Collection entries
####################

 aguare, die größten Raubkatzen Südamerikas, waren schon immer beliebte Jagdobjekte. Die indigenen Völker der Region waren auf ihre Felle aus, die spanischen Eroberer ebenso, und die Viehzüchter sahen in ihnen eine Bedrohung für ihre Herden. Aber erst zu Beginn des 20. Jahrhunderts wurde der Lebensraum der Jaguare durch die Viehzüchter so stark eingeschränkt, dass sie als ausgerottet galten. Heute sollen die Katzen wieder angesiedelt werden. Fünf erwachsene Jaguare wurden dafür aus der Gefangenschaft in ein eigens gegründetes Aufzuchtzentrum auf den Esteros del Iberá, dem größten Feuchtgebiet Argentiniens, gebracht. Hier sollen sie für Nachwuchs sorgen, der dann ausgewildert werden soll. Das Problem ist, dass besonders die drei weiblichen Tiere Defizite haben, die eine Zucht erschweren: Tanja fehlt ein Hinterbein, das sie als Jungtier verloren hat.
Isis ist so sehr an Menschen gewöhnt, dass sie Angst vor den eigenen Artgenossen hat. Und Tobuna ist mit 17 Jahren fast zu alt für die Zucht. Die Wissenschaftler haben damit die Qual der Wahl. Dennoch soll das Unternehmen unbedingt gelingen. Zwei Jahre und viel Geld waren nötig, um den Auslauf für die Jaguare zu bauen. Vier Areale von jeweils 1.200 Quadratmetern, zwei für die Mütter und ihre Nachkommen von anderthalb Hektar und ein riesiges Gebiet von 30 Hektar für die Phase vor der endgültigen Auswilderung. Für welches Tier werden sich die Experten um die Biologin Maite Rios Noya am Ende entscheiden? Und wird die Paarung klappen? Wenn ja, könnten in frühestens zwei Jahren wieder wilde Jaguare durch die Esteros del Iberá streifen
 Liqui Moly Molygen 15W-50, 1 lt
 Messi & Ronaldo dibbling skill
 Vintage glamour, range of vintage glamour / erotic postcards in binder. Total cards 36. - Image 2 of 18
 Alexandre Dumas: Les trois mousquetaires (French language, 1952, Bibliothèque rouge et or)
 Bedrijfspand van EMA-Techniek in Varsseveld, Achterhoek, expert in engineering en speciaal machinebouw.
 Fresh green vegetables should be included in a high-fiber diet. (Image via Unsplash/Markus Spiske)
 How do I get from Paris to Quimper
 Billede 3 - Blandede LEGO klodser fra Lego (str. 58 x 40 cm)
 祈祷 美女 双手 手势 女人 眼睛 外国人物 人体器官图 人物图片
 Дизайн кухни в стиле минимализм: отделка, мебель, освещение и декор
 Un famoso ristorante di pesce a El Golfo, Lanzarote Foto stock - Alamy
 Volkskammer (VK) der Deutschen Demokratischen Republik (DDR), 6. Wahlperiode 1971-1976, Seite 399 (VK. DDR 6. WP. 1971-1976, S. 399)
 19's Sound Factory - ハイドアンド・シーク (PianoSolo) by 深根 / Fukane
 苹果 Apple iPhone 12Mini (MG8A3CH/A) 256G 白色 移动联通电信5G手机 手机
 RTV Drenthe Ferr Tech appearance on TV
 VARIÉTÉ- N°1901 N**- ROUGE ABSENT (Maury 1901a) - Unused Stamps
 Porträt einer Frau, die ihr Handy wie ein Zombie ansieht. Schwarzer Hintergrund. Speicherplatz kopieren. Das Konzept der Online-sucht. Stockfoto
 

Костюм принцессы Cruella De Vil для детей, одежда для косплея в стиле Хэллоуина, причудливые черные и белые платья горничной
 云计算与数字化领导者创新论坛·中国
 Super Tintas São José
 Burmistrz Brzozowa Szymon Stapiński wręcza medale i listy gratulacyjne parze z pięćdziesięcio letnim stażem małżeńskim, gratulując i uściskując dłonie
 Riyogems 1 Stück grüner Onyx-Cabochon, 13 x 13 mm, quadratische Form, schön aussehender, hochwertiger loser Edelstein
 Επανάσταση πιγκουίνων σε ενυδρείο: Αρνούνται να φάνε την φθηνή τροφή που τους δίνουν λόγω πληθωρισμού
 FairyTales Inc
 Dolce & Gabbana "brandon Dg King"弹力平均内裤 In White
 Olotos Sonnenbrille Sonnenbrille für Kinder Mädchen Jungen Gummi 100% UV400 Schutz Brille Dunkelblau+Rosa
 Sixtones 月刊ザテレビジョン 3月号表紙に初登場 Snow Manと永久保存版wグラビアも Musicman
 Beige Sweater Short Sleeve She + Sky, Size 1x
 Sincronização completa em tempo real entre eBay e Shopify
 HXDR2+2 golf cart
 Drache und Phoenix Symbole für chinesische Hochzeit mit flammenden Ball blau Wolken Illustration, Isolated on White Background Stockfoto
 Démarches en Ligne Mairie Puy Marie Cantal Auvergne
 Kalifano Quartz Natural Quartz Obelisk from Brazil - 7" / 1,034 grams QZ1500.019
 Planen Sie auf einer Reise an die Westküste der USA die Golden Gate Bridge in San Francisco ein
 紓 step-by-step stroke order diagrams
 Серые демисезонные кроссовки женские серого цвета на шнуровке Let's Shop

####################

▸ WHAT NEEDS TO BE DONE
The data are to be transcribed in full, exactly as given.

▸ RESPONSE FOR THIS EXERCISE
 aguare, die größten Raubkatzen Südamerikas, waren schon immer beliebte Jagdobjekte. Die indigenen Völker der Region waren auf ihre Felle aus, die spanischen Eroberer ebenso, und die Viehzüchter sahen in ihnen eine Bedrohung für ihre Herden. Aber erst zu Beginn des 20. Jahrhunderts wurde der Lebensraum der Jaguare durch die Viehzüchter so stark eingeschränkt, dass sie als ausgerottet galten. Heute sollen die Katzen wieder angesiedelt werden. Fünf erwachsene Jaguare wurden dafür aus der Gefangenschaft in ein eigens gegründetes Aufzuchtzentrum auf den Esteros del Iberá, dem größten Feuchtgebiet Argentiniens, gebracht. Hier sollen sie für Nachwuchs sorgen, der dann ausgewildert werden soll. Das Problem ist, dass besonders die drei weiblichen Tiere Defizite haben, die eine Zucht erschweren: Tanja fehlt ein Hinterbein, das sie als Jungtier verloren hat.
Isis ist so sehr an Menschen gewöhnt, dass sie Angst vor den eigenen Artgenossen hat. Und Tobuna ist mit 17 Jahren fast zu alt für die Zucht. Die Wissenschaftler haben damit die Qual der Wahl. Dennoch soll das Unternehmen unbedingt gelingen. Zwei Jahre und viel Geld waren nötig, um den Auslauf für die Jaguare zu bauen. Vier Areale von jeweils 1.200 Quadratmetern, zwei für die Mütter und ihre Nachkommen von anderthalb Hektar und ein riesiges Gebiet von 30 Hektar für die Phase vor der endgültigen Auswilderung. Für welches Tier werden sich die Experten um die Biologin Maite Rios Noya am Ende entscheiden? Und wird die Paarung klappen? Wenn ja, könnten in frühestens zwei Jahren wieder wilde Jaguare durch die Esteros del Iberá streifen
 Liqui Moly Molygen 15W-50, 1 lt
 Messi & Ronaldo dibbling skill
 Vintage glamour, range of vintage glamour / erotic postcards in binder. Total cards 36. - Image 2 of 18
 Alexandre Dumas: Les trois mousquetaires (French language, 1952, Bibliothèque rouge et or)
 Bedrijfspand van EMA-Techniek in Varsseveld, Achterhoek, expert in engineering en speciaal machinebouw.
 Fresh green vegetables should be included in a high-fiber diet. (Image via Unsplash/Markus Spiske)
 How do I get from Paris to Quimper
 Billede 3 - Blandede LEGO klodser fra Lego (str. 58 x 40 cm)
 祈祷 美女 双手 手势 女人 眼睛 外国人物 人体器官图 人物图片
 Дизайн кухни в стиле минимализм: отделка, мебель, освещение и декор
 Un famoso ristorante di pesce a El Golfo, Lanzarote Foto stock - Alamy
 Volkskammer (VK) der Deutschen Demokratischen Republik (DDR), 6. Wahlperiode 1971-1976, Seite 399 (VK. DDR 6. WP. 1971-1976, S. 399)
 19's Sound Factory - ハイドアンド・シーク (PianoSolo) by 深根 / Fukane
 苹果 Apple iPhone 12Mini (MG8A3CH/A) 256G 白色 移动联通电信5G手机 手机
 RTV Drenthe Ferr Tech appearance on TV
 VARIÉTÉ- N°1901 N**- ROUGE ABSENT (Maury 1901a) - Unused Stamps
 Porträt einer Frau, die ihr Handy wie ein Zombie ansieht. Schwarzer Hintergrund. Speicherplatz kopieren. Das Konzept der Online-sucht. Stockfoto
 

Костюм принцессы Cruella De Vil для детей, одежда для косплея в стиле Хэллоуина, причудливые черные и белые платья горничной
 云计算与数字化领导者创新论坛·中国
 Super Tintas São José
 Burmistrz Brzozowa Szymon Stapiński wręcza medale i listy gratulacyjne parze z pięćdziesięcio letnim stażem małżeńskim, gratulując i uściskując dłonie
 Riyogems 1 Stück grüner Onyx-Cabochon, 13 x 13 mm, quadratische Form, schön aussehender, hochwertiger loser Edelstein
 Επανάσταση πιγκουίνων σε ενυδρείο: Αρνούνται να φάνε την φθηνή τροφή που τους δίνουν λόγω πληθωρισμού
 FairyTales Inc
 Dolce & Gabbana "brandon Dg King"弹力平均内裤 In White
 Olotos Sonnenbrille Sonnenbrille für Kinder Mädchen Jungen Gummi 100% UV400 Schutz Brille Dunkelblau+Rosa
 Sixtones 月刊ザテレビジョン 3月号表紙に初登場 Snow Manと永久保存版wグラビアも Musicman
 Beige Sweater Short Sleeve She + Sky, Size 1x
 Sincronização completa em tempo real entre eBay e Shopify
 HXDR2+2 golf cart
 Drache und Phoenix Symbole für chinesische Hochzeit mit flammenden Ball blau Wolken Illustration, Isolated on White Background Stockfoto
 Démarches en Ligne Mairie Puy Marie Cantal Auvergne
 Kalifano Quartz Natural Quartz Obelisk from Brazil - 7" / 1,034 grams QZ1500.019
 Planen Sie auf einer Reise an die Westküste der USA die Golden Gate Bridge in San Francisco ein
 紓 step-by-step stroke order diagrams
 Серые демисезонные кроссовки женские серого цвета на шнуровке Let's Shop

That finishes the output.